===== Data provided =====
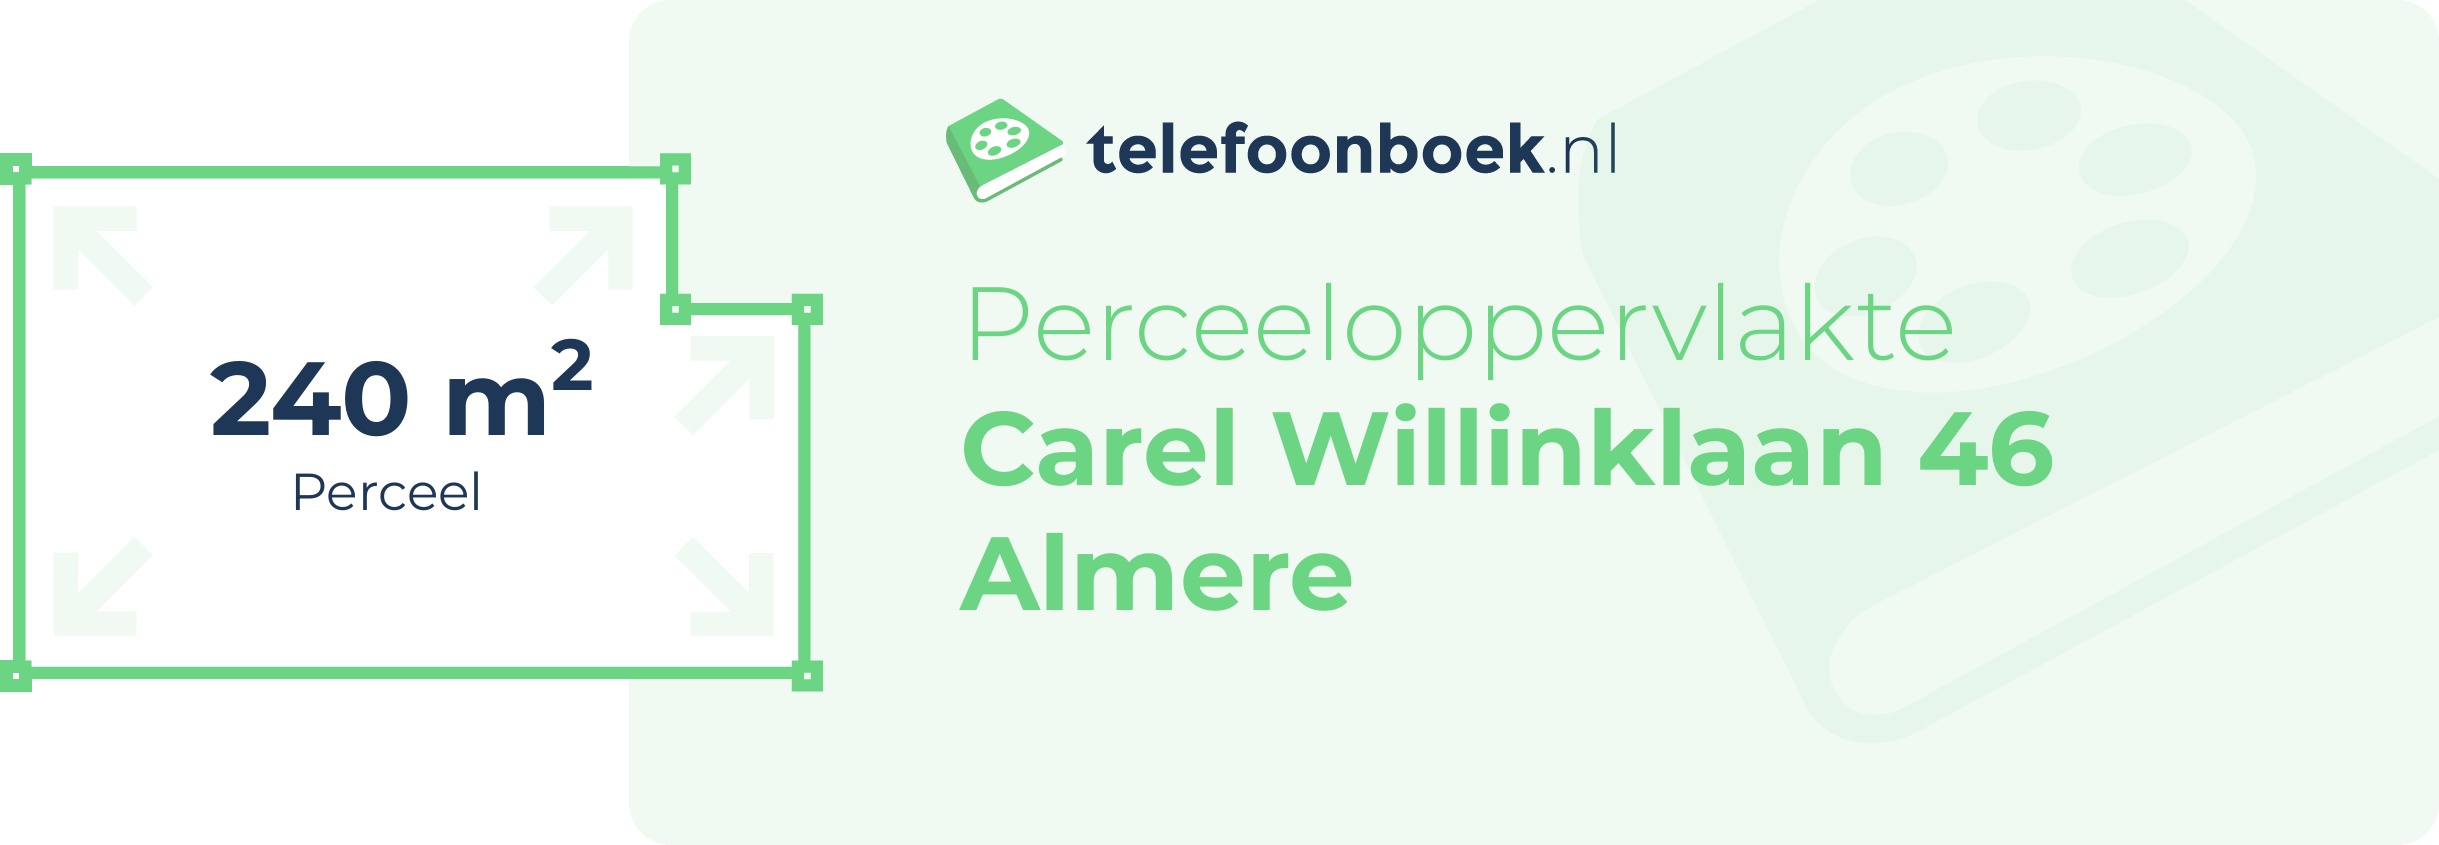 Perceeloppervlakte Carel Willinklaan 46 Almere
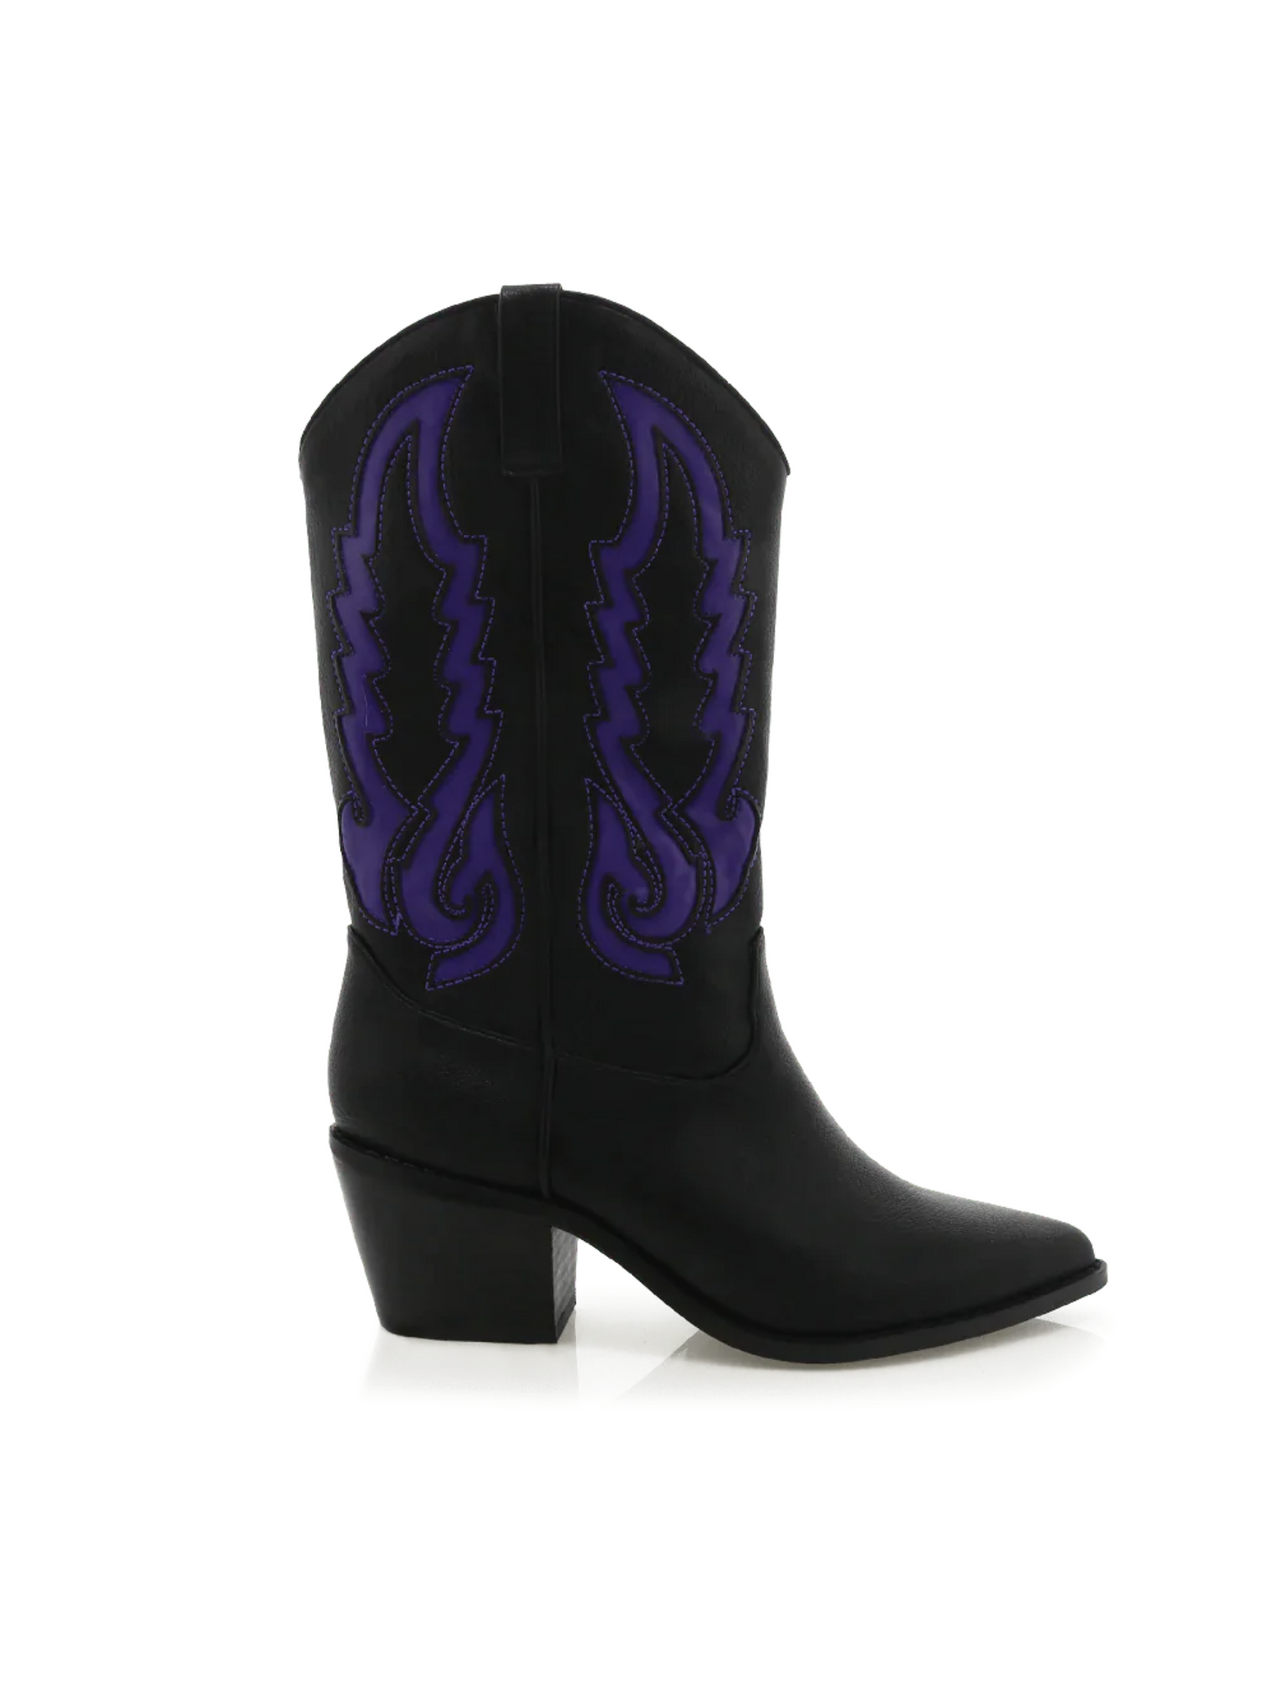 Norva Contrast Cowboy Boots Black/Violet, Boot Shoe by Billini | LIT Boutique
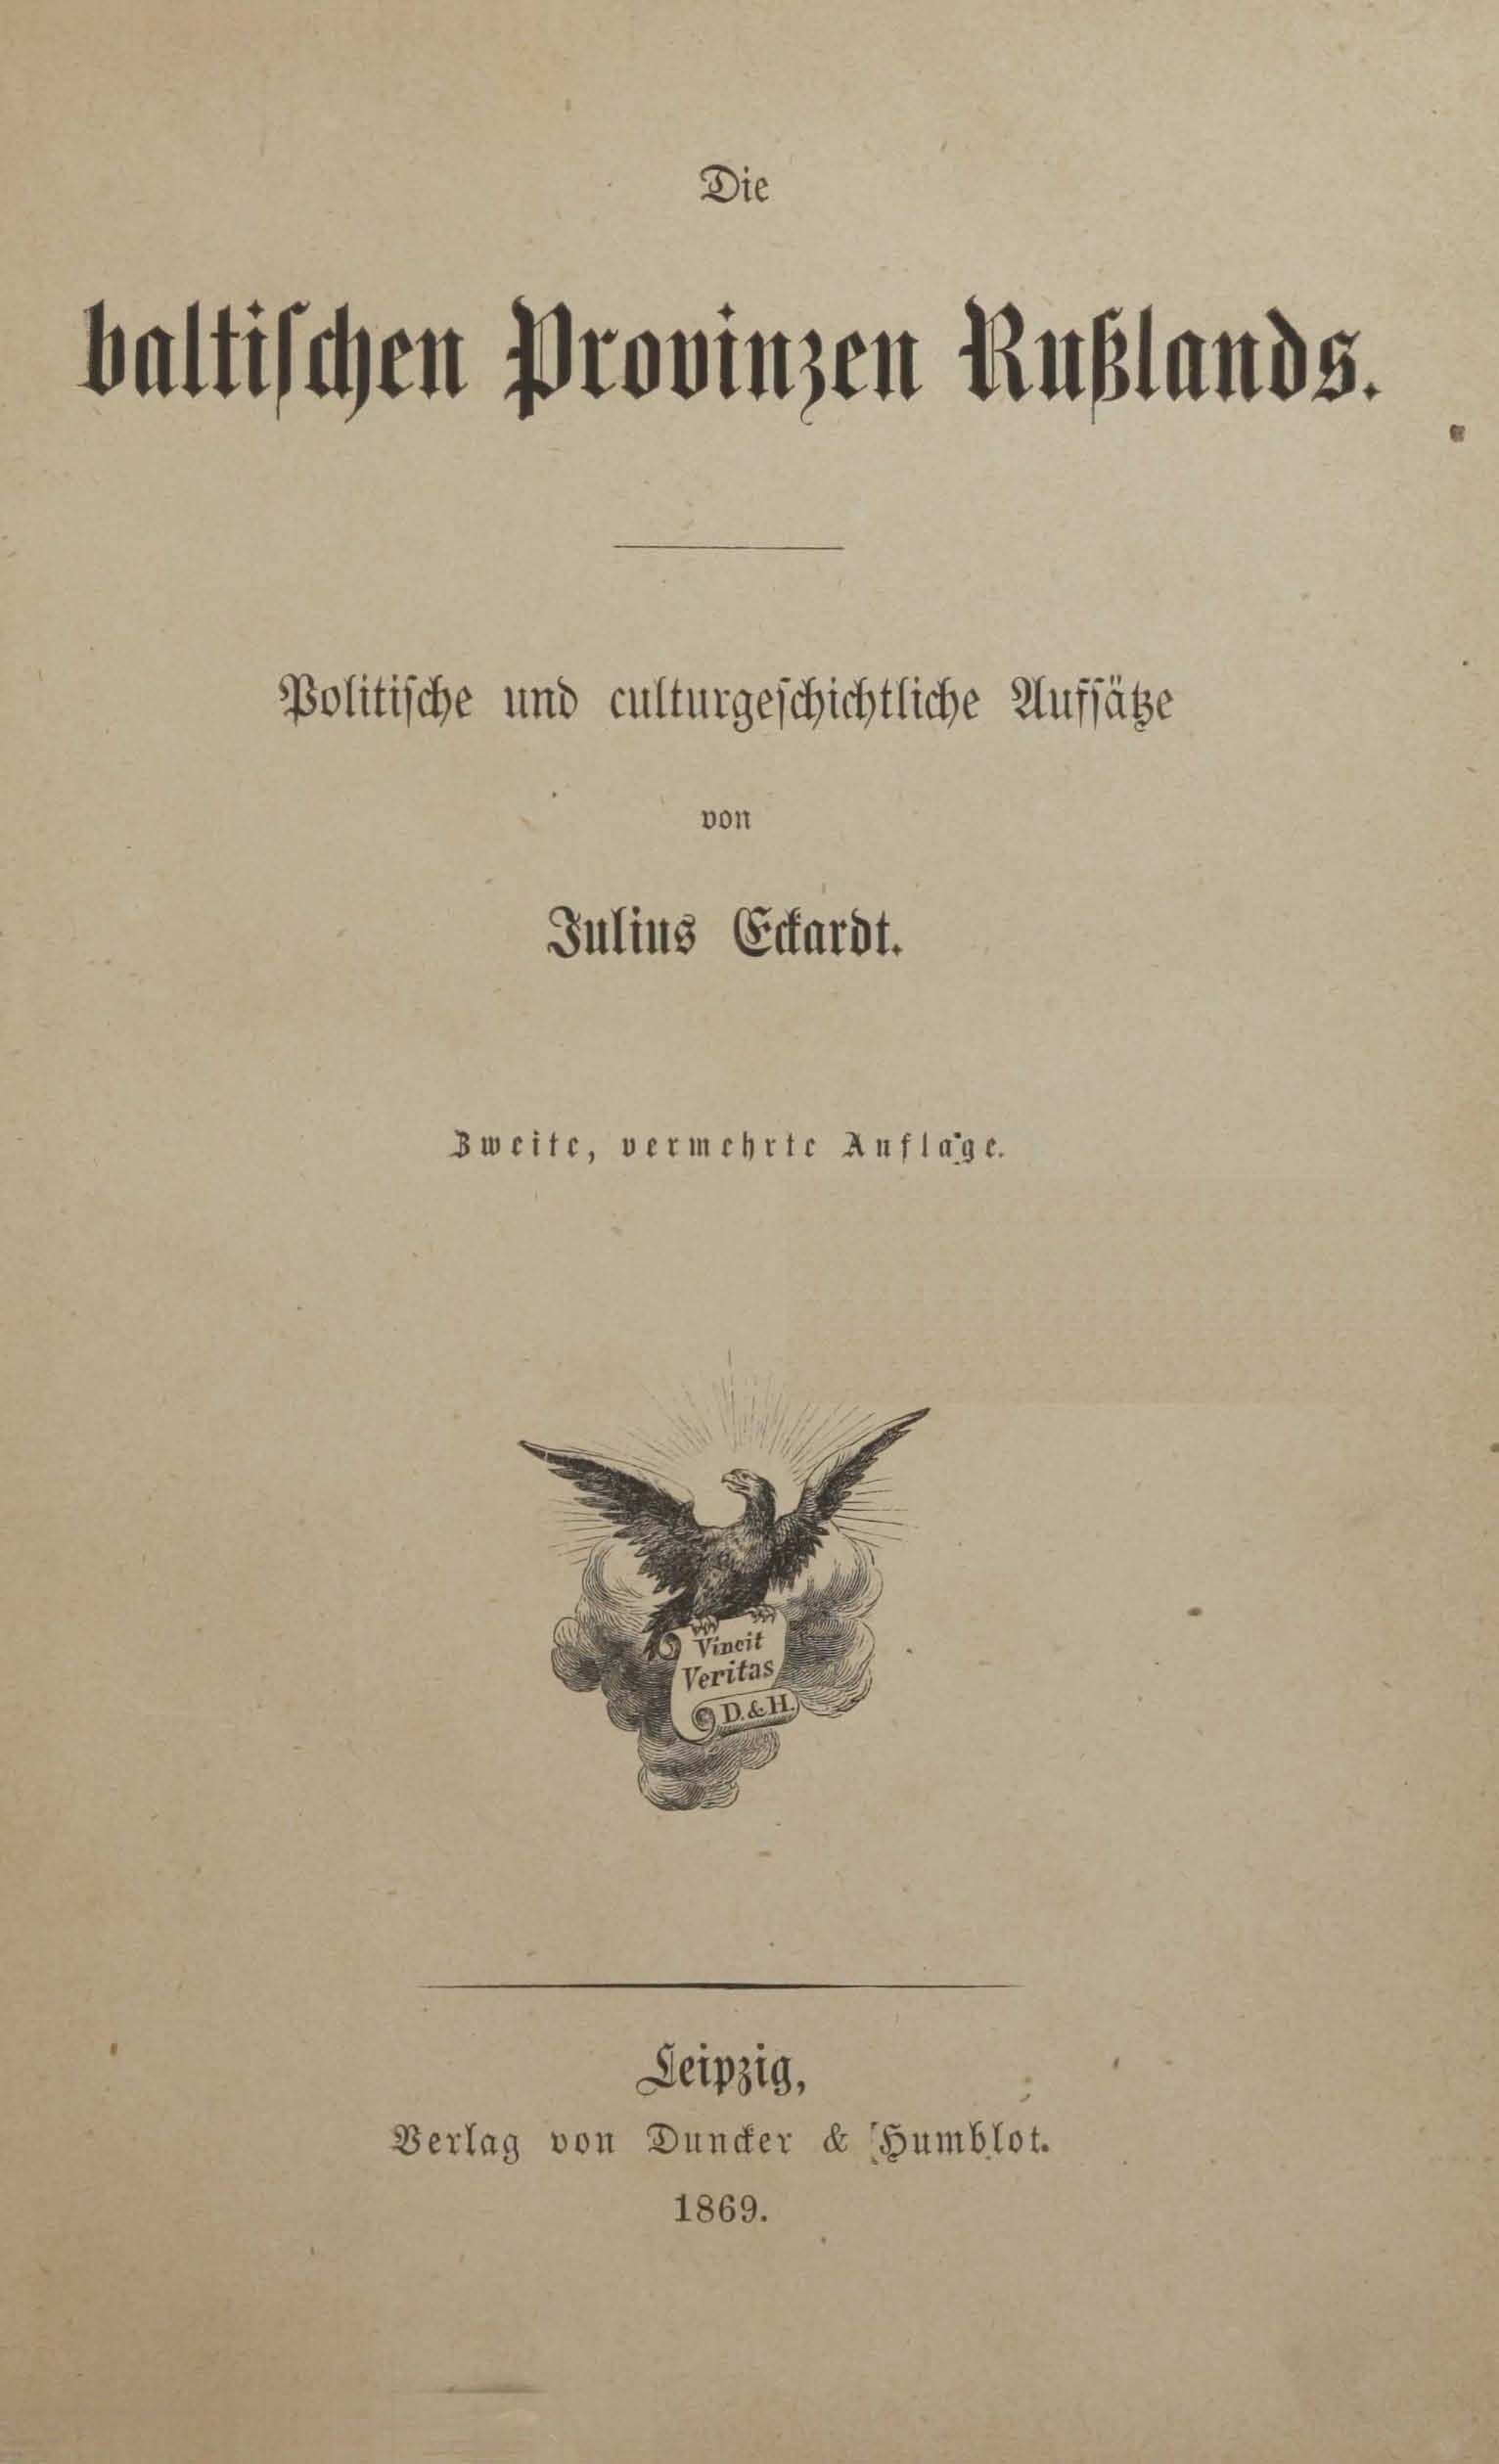 Die baltischen Provinzen Russlands (1869) | 2. Title page
=====
Omitting all pictures, retype exactly the lines from the line containing "Norva Contrast Cowboy" down to the last line above, both ends included.

 Norva Contrast Cowboy Boots Black/Violet, Boot Shoe by Billini | LIT Boutique
 Die baltischen Provinzen Russlands (1869) | 2. Title page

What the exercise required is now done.